Workcations benefit your employer, not you

If this is starting to sound like the opposite of “the best of both worlds,” that’s because it is—but only for you. Employers love this shit. When you take time off, they have to pay PTO and figure out how to cover your responsibilities; when you take a business trip, they pick up the tab (or at least they’re supposed to). Taking a “workcation” conveniently lets them off the hook on both counts and gives them PR material: They can spin your trip as a “perk” to prospective employees while discouraging existing ones from actually taking restful time off, especially lower-ranking workers. Your direct reports might see you on Zoom and think, “Damn, if my manager is working on vacation, I probably should, too.” (This is bad.)

If this is starting to sound like the opposite of ‘the best of both worlds,’ that’s because it is—but only for you. Employers love this shit.

Unsurprisingly, companies like AirBnB, Landing (which is basically AirBnB for apartment sublets, and whose CEO is quoted in the Post article), and Blueground (same, minus the quote) also love this trend. Convincing remote workers to uproot their lives for months at a time increases the demand for non-hotel lodging, which makes their valuations go up, which allows them to secure even more funding from private equity and/or venture capital firms—and that’s what this is really all about. (Air BnB made $3.4 billion in revenue last year and still got a literal billion dollars in private equity from Sixth Street Partners and Silver Lake Partners in April 2020, so clearly, the strategy is working.)

It’s almost too much that a how-to guide for never going on vacation appeared in the Washington Post, which is owned by a man who could send himself to not-space because his employees are so afraid of getting fired that they piss in bottles, pass out, and even die on the job. In many ways, it’s the culmination of a nearly century-long crusade against things like “a living wage” and “occasionally not working.”

The Federal Labor Standards Act of 1938 established a minimum wage of $7.25 and limited the standard work week to 40 hours, among other things. Naturally, corporations have spent the last 80 years successfully weakening the FLSA (and the labor unions that made it happen) so they can finally bring back 18-hour shifts for 12-year-olds. If you could bring John D. Rockefeller or Gilded Age copper baron Marcus Daly back to life for a day, they’d die of happiness the second someone explained workcations. Expecting your employees to work on vacation without saying so outright—and somehow getting them to thank you for it!—is exactly the kind of genius they would have appreciated.
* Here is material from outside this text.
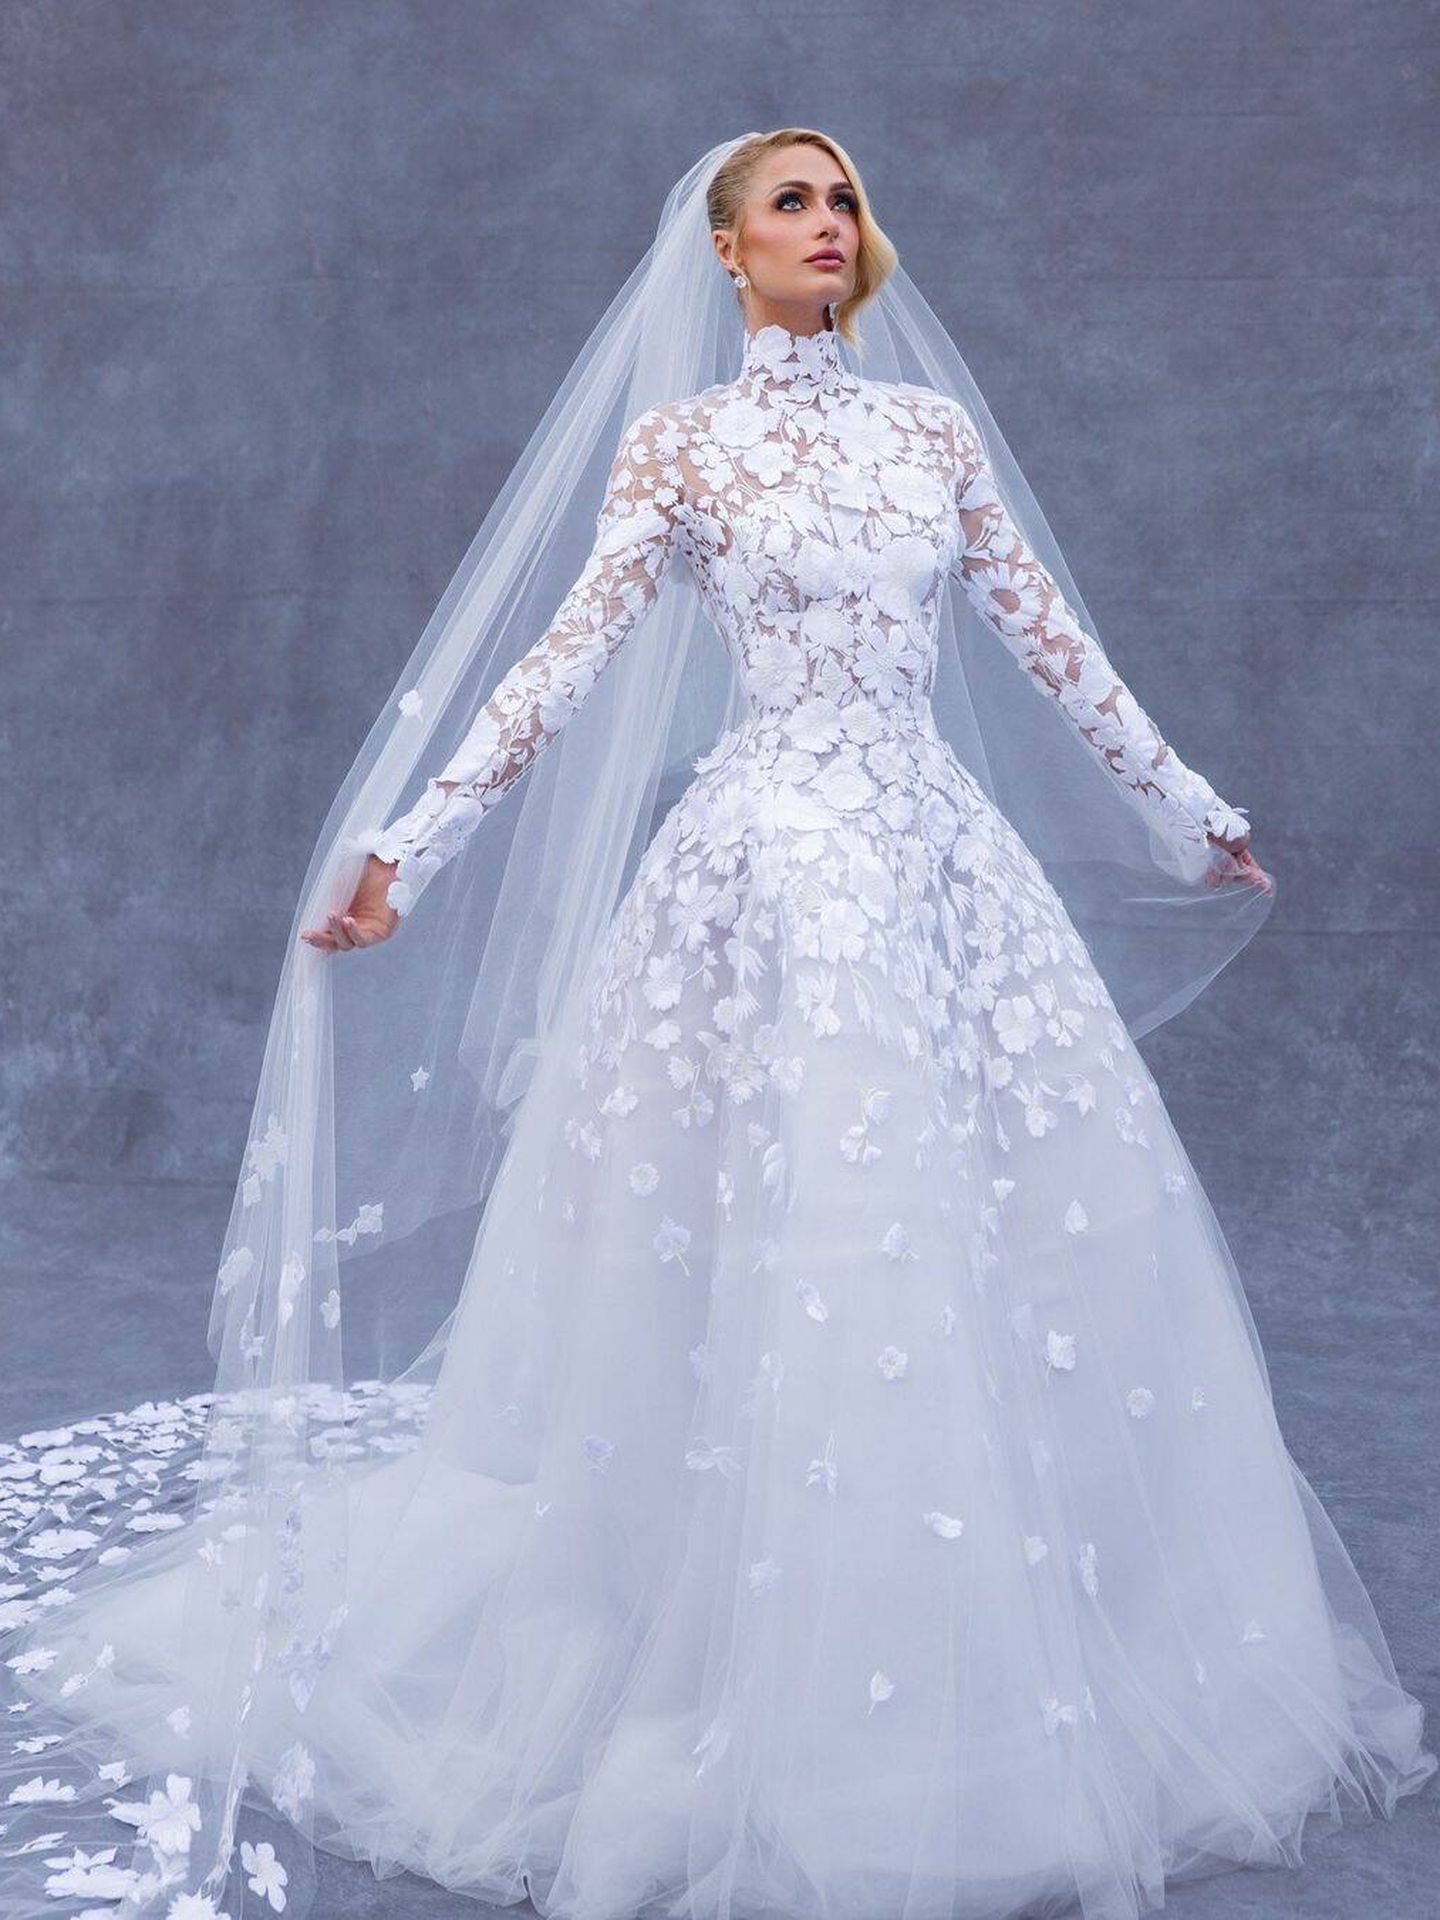 Paris Hilton y su vestido de novia. (Instagram/ @parishilton)

Offering better vacation benefits is expensive; laundering the concept of working 24/7 into something that sounds cool is free.”

There are some people for whom a “workcation” is plausible, or even desirable—but they call it it being a “digital nomad,” and it’s more of an intentional, long-term lifestyle choice. The vast majority of workers can’t pull this off, and bosses know it. But offering better vacation benefits is expensive; laundering the concept of working 24/7 into something that sounds cool is free. Don’t fall for it. You only get one life—don’t spend it working on vacation.